The escort carrier, the destroyer, radar and other electronic devices defeated and then smashed the submarine menace. Our Navy transported and safeguarded the invasion forces to Africa and Europe, and then smashed the enemy beachheads to afford them a landing. Our still small forces in the Pacific turned back the threat to our lifeline to Australia at the Coral Sea battle, and then drove the first entering wedge into the Japanese conquered empire at Guadalcanal. At Midway we hurled back the first real Japanese threat at Hawaii, Alaska, and the West Coast. Our ever growing Navy and Marine Corps, and Naval Flying Forces bombed and then seized the stepping stone islands-Tarawa, Kwajalein, Guam, Saipan.

We guarded the landings that reconquered the Philippines, our carrier forces seized control of the air everywhere it was needed, and our Fleet broke the back of the Japanese Navy in the great naval battles of the Philippine Sea and of Leyte Gulf. Our submarines destroyed the majority of the Japanese merchant marine, as well as innumerable Japanese naval combat ships. When we seized Okinawa, we seized a point just off Japan from which we could, and did, destroy the remnants of the Japanese Navy and bomb the Japanese homeland into final submission-a submission that would inevitably have come anyway from the strangling blockade we had thrown around Japan. With a greater army and more planes than she had at the time of Pearl Harbor, Japan surrendered-because with the destruction of her Navy and merchant marine she could not obtain from outside those necessities without which Japan could not even live, much less fight.

Nor is the Navy content to rest on its present laurels. Long a leader in invention and research, our Navy is already studying new weapons, new methods-the atomic bomb and guided missiles, For instance.

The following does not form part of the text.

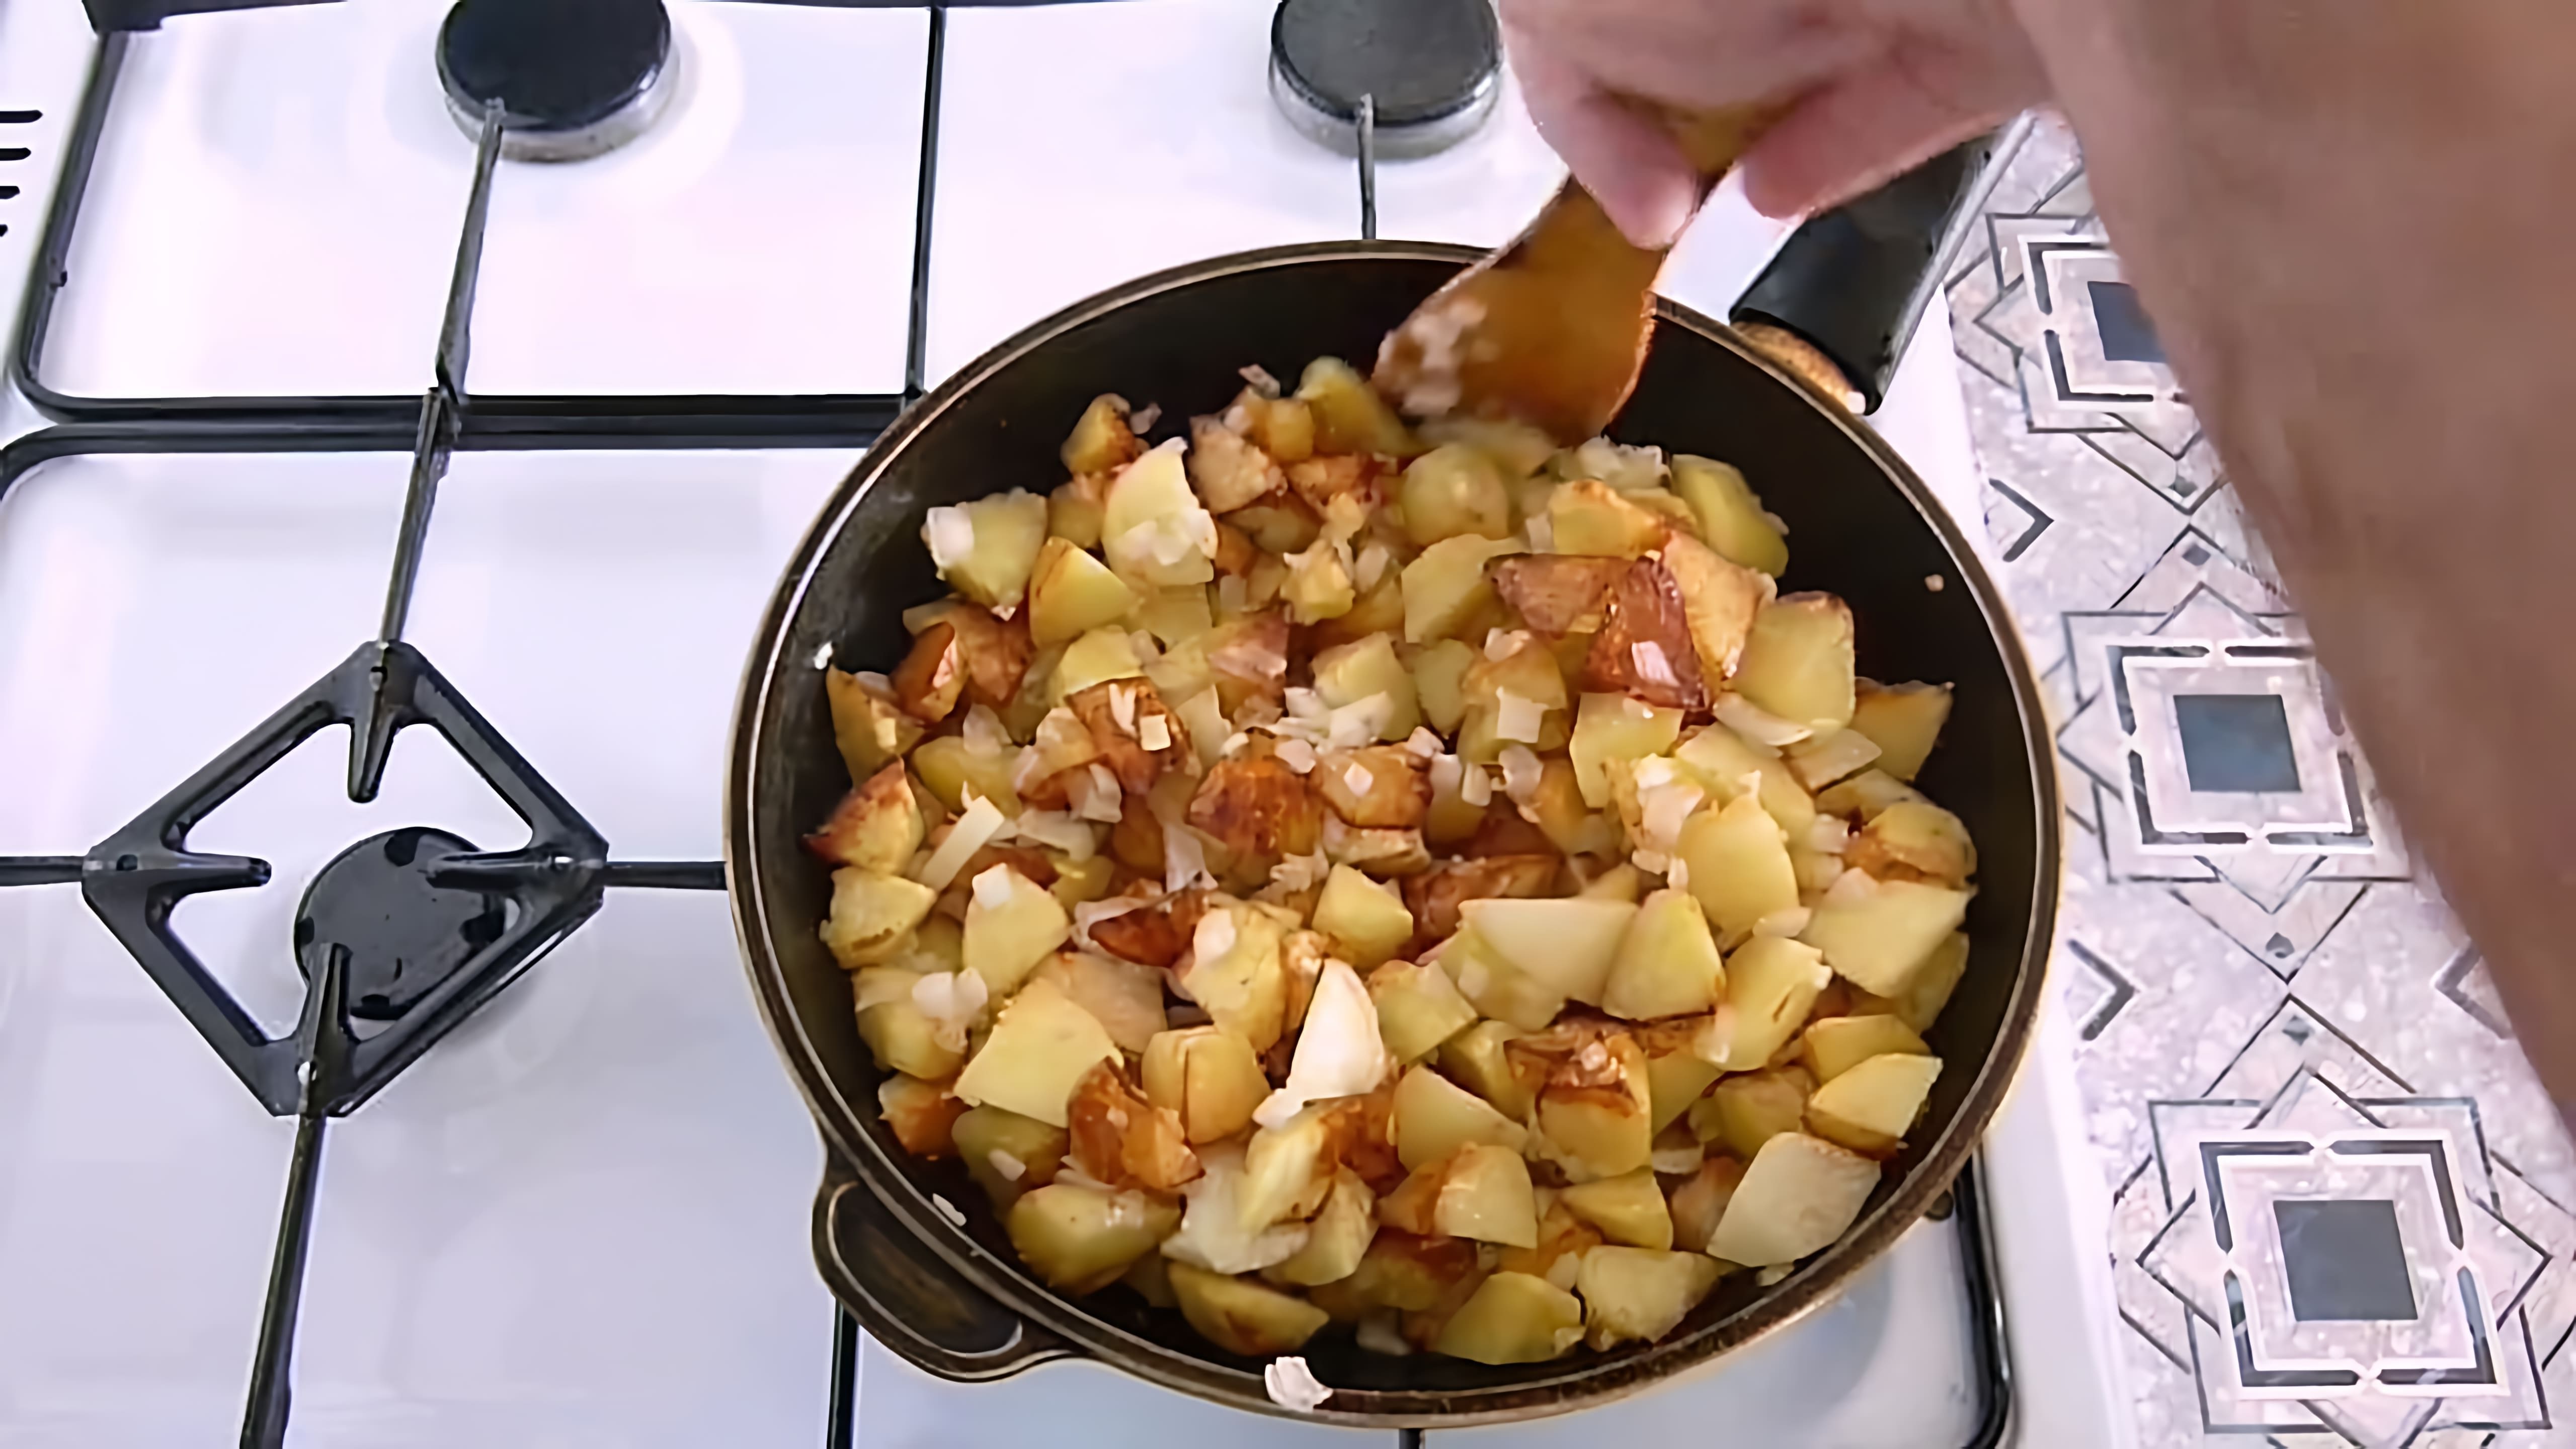 Видео демонстрирует способ жарки картофеля с использованием двух секретов

Whatever new weapons, or defenses against new weapons, science can develop, the U. S. Navy intends to incorporate them into itself, to make sure that the Navy shall always be strong enough to perform its historic function of defense of our own country and of offense against enemy countries.

It is to be hoped that every American will exert his effort and influence to see that that goal is achieved-that the U. S. Navy will always remain, as it is today, the world's greatest sea power.